PAGE.64「自由な日々(その2)」

 ラチェットはついに意識を失った。

 必死に抵抗したのだろう。顔は萎れやつれ切り、顔面にはペンキのように塗りたくられた血が痛々しくこびり付いている。


 呼吸はしているが一刻を争う状況だ。

 アタリスが出血の応急処置などをしてくれている。あとは体に障らない様に慎重に運び出せれば問題はなさそうだ。


「……小僧は無事だ。あの少年もな」

 同時にハミングへと視線を向ける。

 洗脳人形となってしまったこの少年に指示を送る本人はラチェットの抵抗によって気を失っている。
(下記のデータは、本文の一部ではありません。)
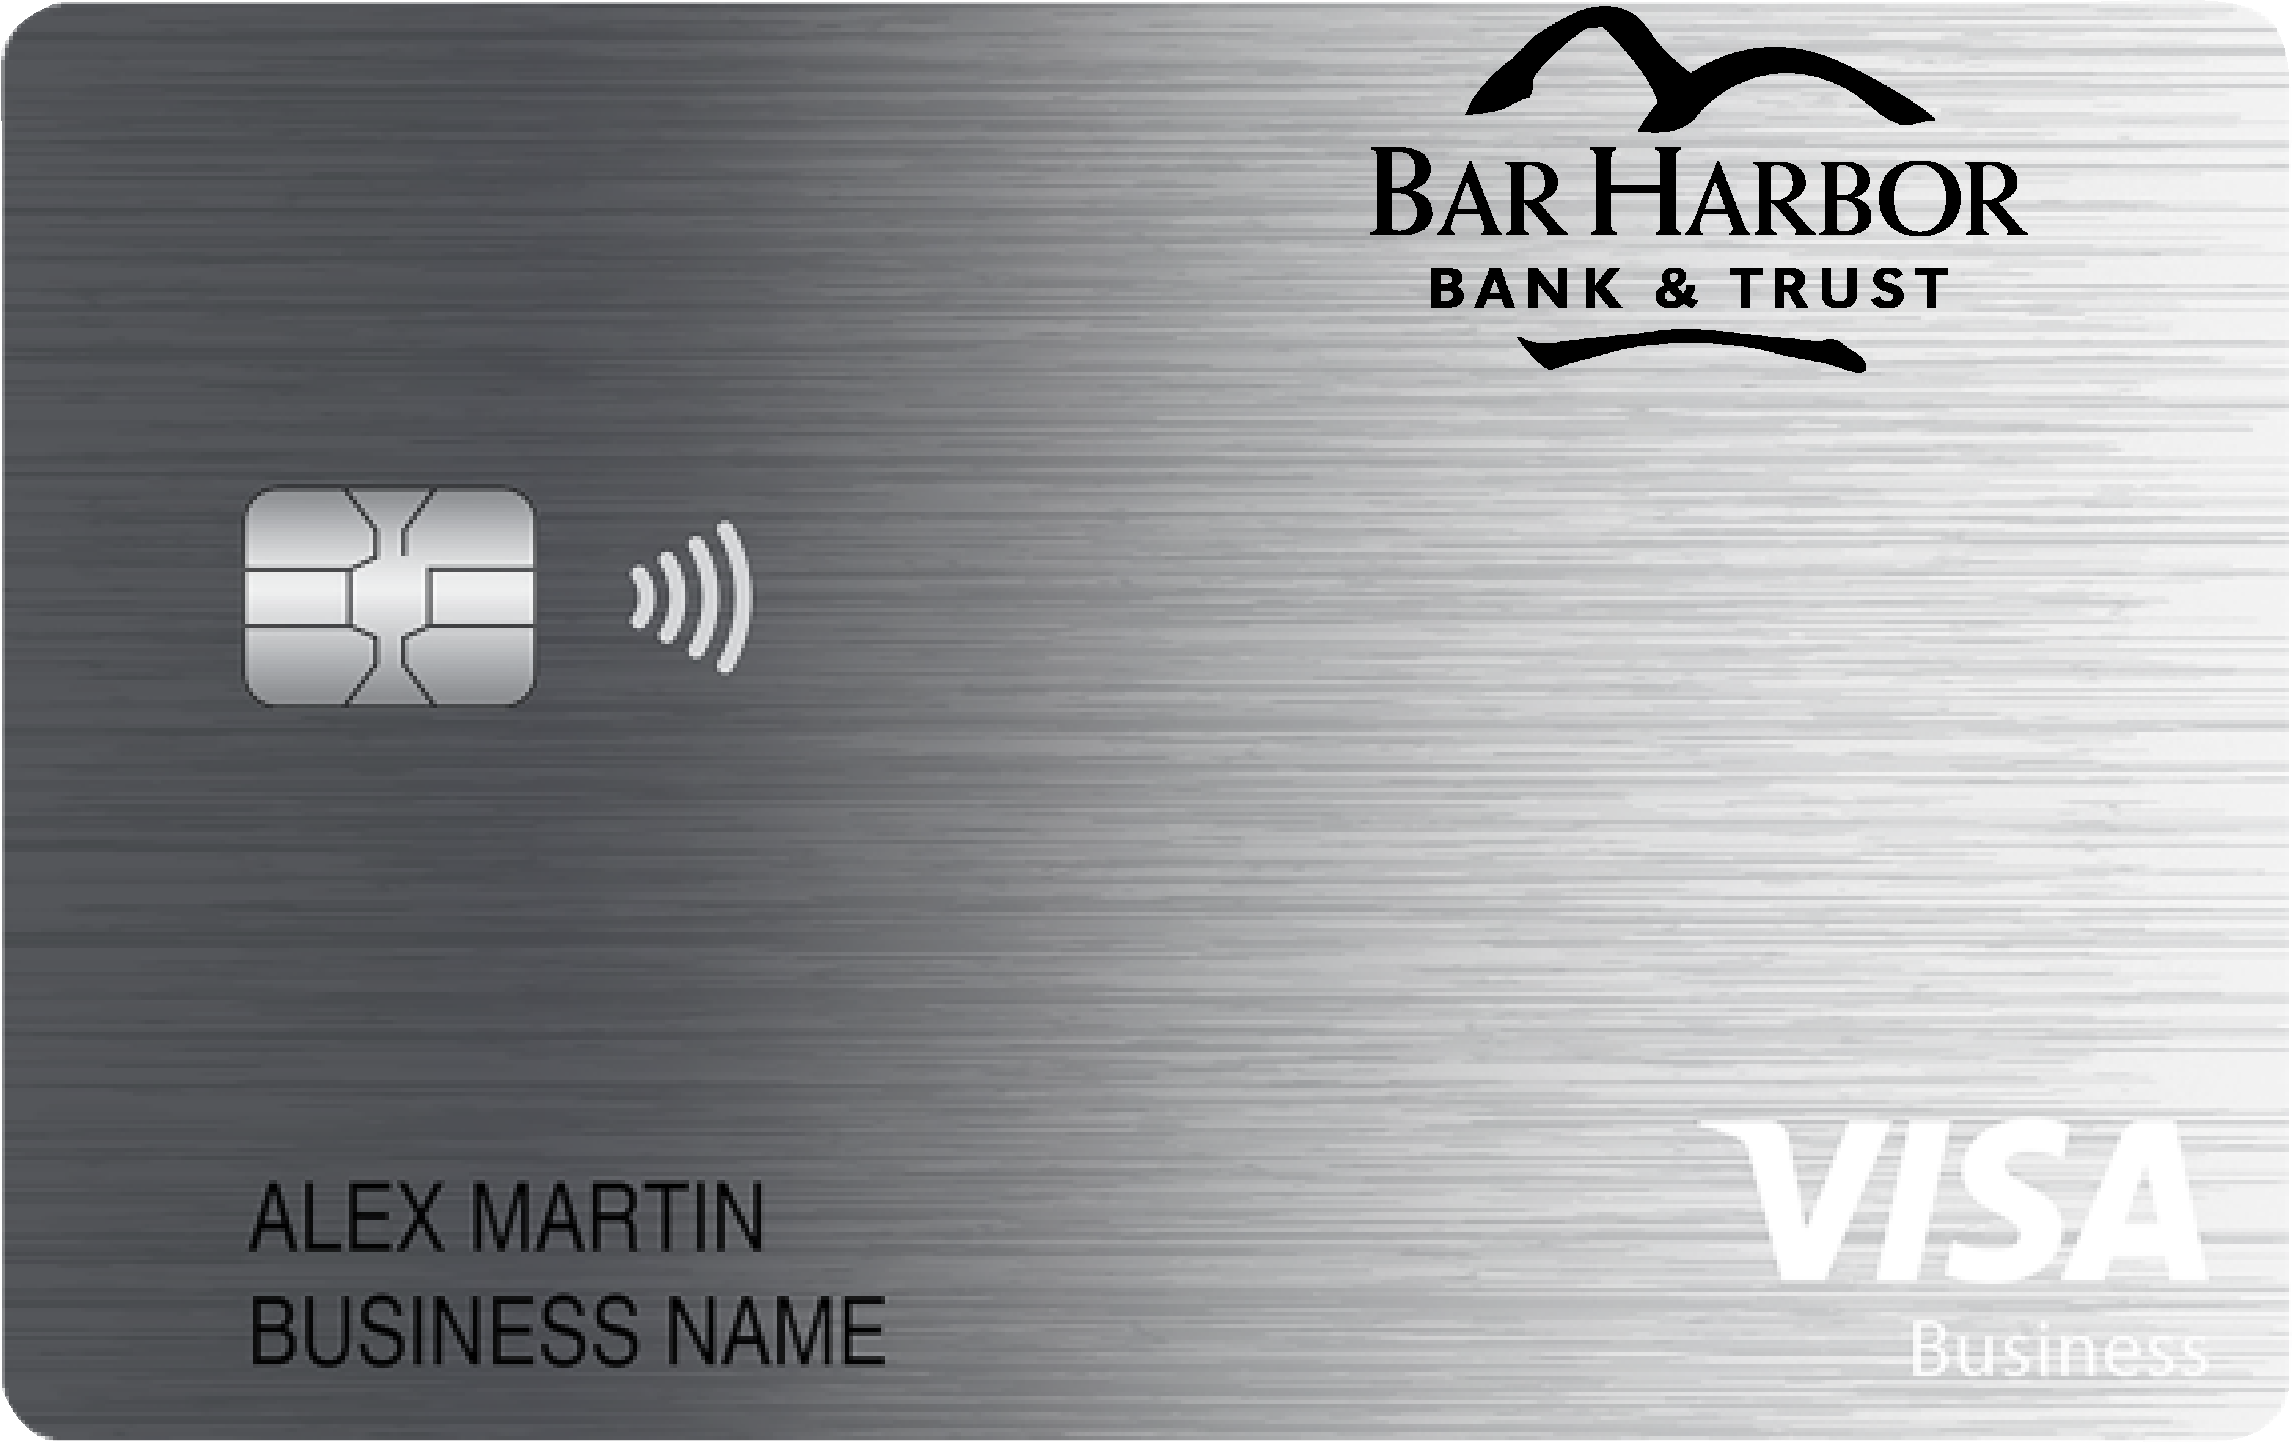 Bar Harbor Bank & Trust Business Real Rewards Card
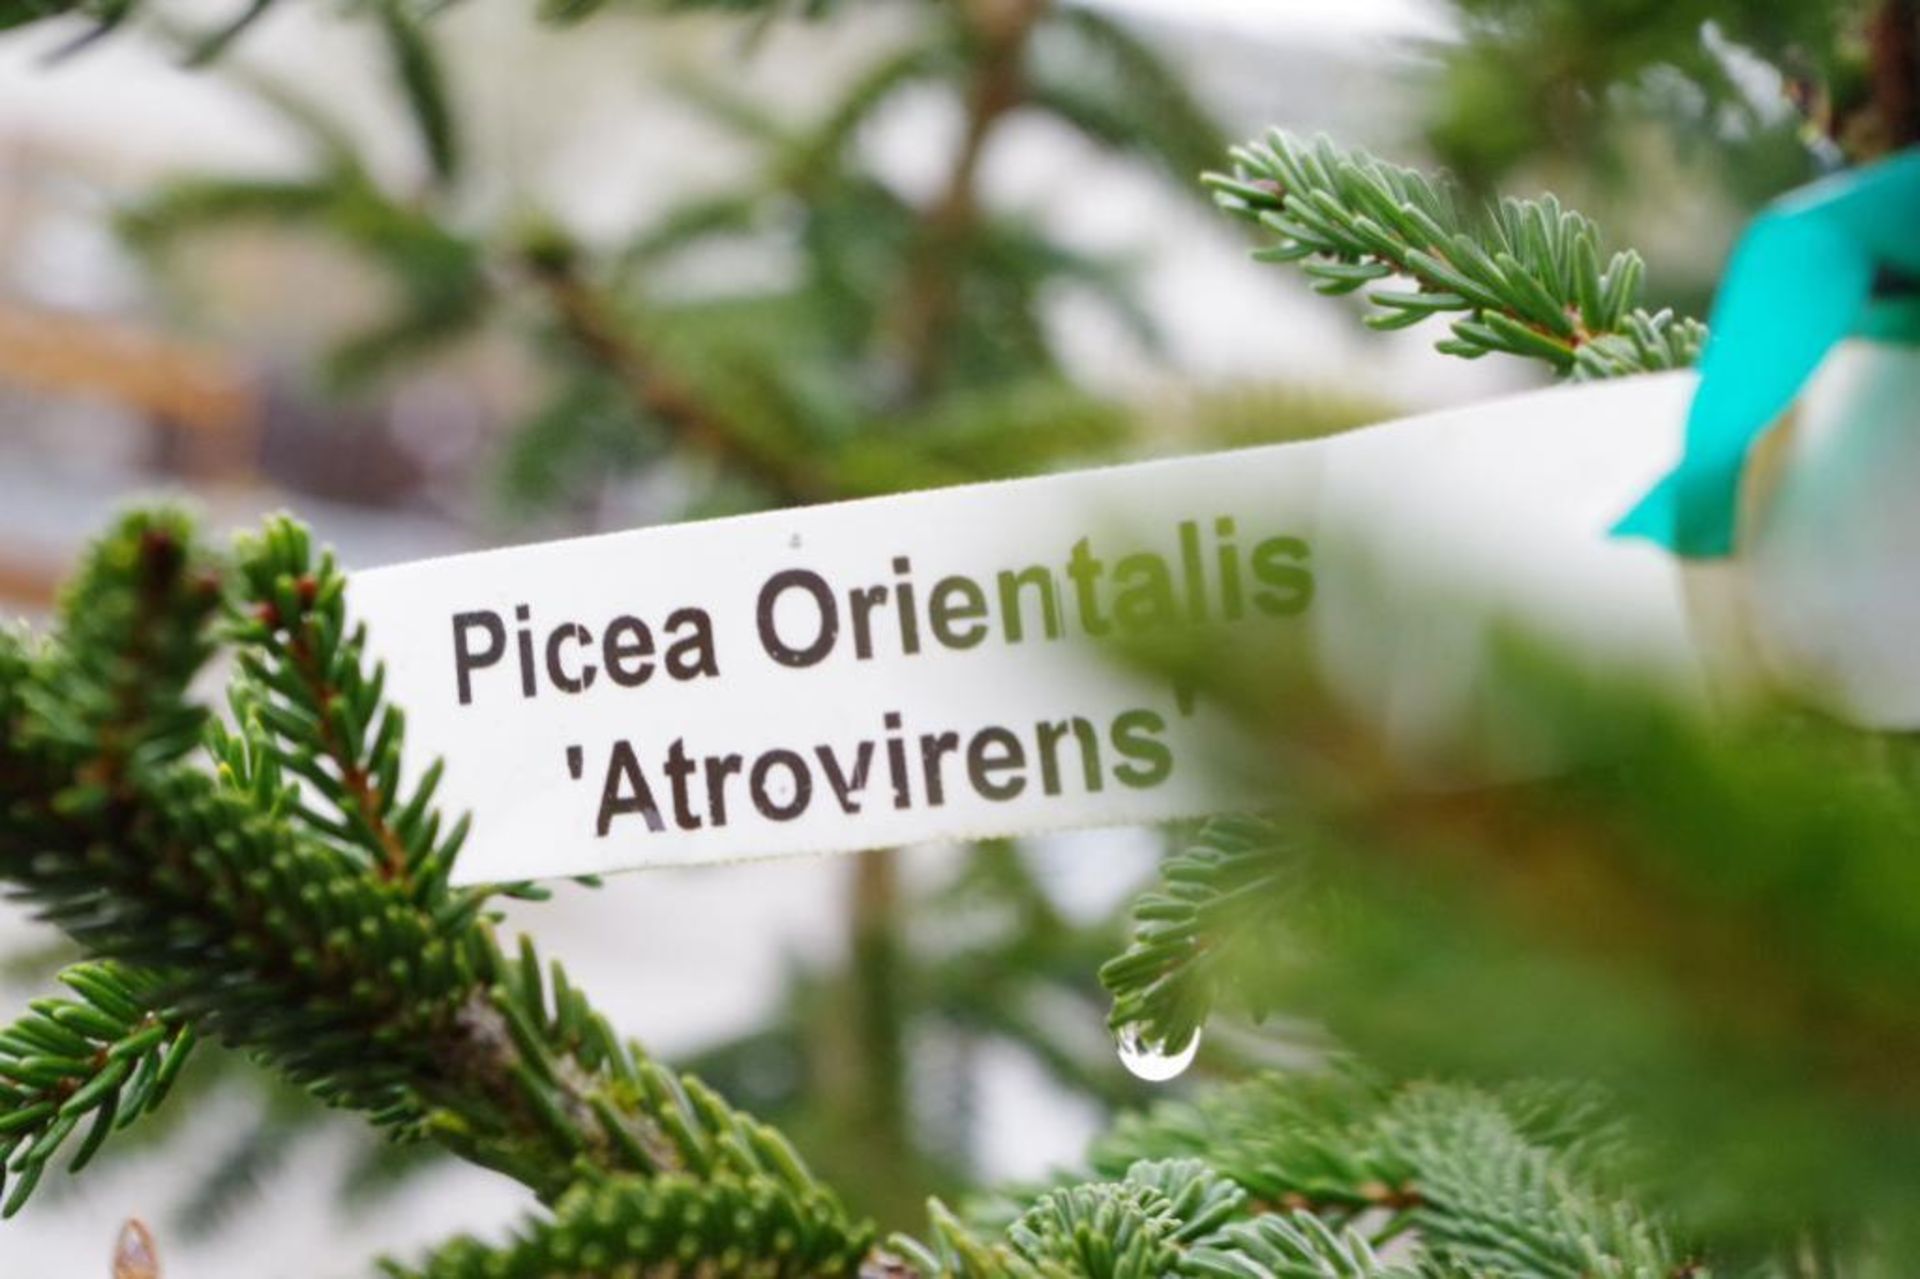 4' Picea Orientalis 'Atrovirens' - Image 2 of 3

彼が目覚めない限りは今までのような殺戮を行う事もない。


 一時の自由を手に入れたおかげか、ハミングは安らぎの寝息を吐いている。


 ひとまず、二人とも無事のようだ。

 その事実に対し、スカルは深く息を吐く。状況からして死んだのではないかと本気で思ったが故に腰を抜かしそうになった。


「……本当によく頑張ったな、ラチェット」

 ラチェットの頑張りによって手に入れた人形計画の資料と思われる書類。

 気を失ったラチェットの肩を優しく摩る。早く安全な場所に引き連れるためにと、スカルはラチェットの体を手早く背負った。


「さてと、あとはそのハミングっていう奴と外にいる女の子だが……」

 極力はここに戻りたくはない。

 どうしたものかとスカルが考え込んでいる時の事だった。


「……」

 コーテナはフラつくように立ち上がる。


 一歩。また一歩。

 コーテナは麻酔銃を撃たれたことで気持ちよさそうにアクビをかいて眠っている小太り村長の元へと近づいていく。


「コーテナ?」

 怪しい雰囲気にスカルは声を出す。


 その嫌な予感。的中することになった。


「……許さない」

 コーテナはナイフを取り出した。

 その手は強く震えている。その手の震えは恐怖によるものなんかじゃない……胸の内から飛び跳ねるようにこみ上げる怒りによるものだ。


「よくもラチェットを……よくも皆を……!!」

 執拗以上に痛めつけられたラチェット。

 そして、商売という名目で反吐の出るような扱いを受け続けたハミングにもう一人の半魔族の少女。


 二度と見たくはないと思っていた村長の顔。

 その寝顔を前に、コーテナは抑えようのない怒りに苛まれている。


「ボクは、ボクはこいつを……ッ!」

 ナイフが村長の顔へと向けられる。


「おい待て、コーテナ! いったん落ち着いて、」

「覚悟ッ!!!」


 コーテナの叫び声が響いた。

 ナイフが貫かれる鈍い音。耳に優しくない生々しい音がこだました。




・・・・・・・・・・・・・・・・・・・・・・



 ラチェットはかつての夢を再び見ていた。

 親に痛めつけられ、皆には見捨てられ……



 死ぬのも怖く、ならばせめて普通の生活くらいはと必死に足掻いて賭けに出て……必要最低限の生活くらいは過ごしてきた自分自身の人生を。


 ___本当に、何もない男だ。

 自分自身の事なのにラチェットは体育座りでその映像を眺めている。


 ラチェットは思う。

 自分には夢も快楽も……生きている心地すらも感じない。



 アタリスが口にしていた。

『何もない人生。彩のない人生など死んでいるのと変わらない。』と。



 まさしくその通りだ。

 生きてきた世界はずっとグレーか真っ黒で彩りなんて一つも感じられない。躍動感も興奮すらも感じることのない日々だった。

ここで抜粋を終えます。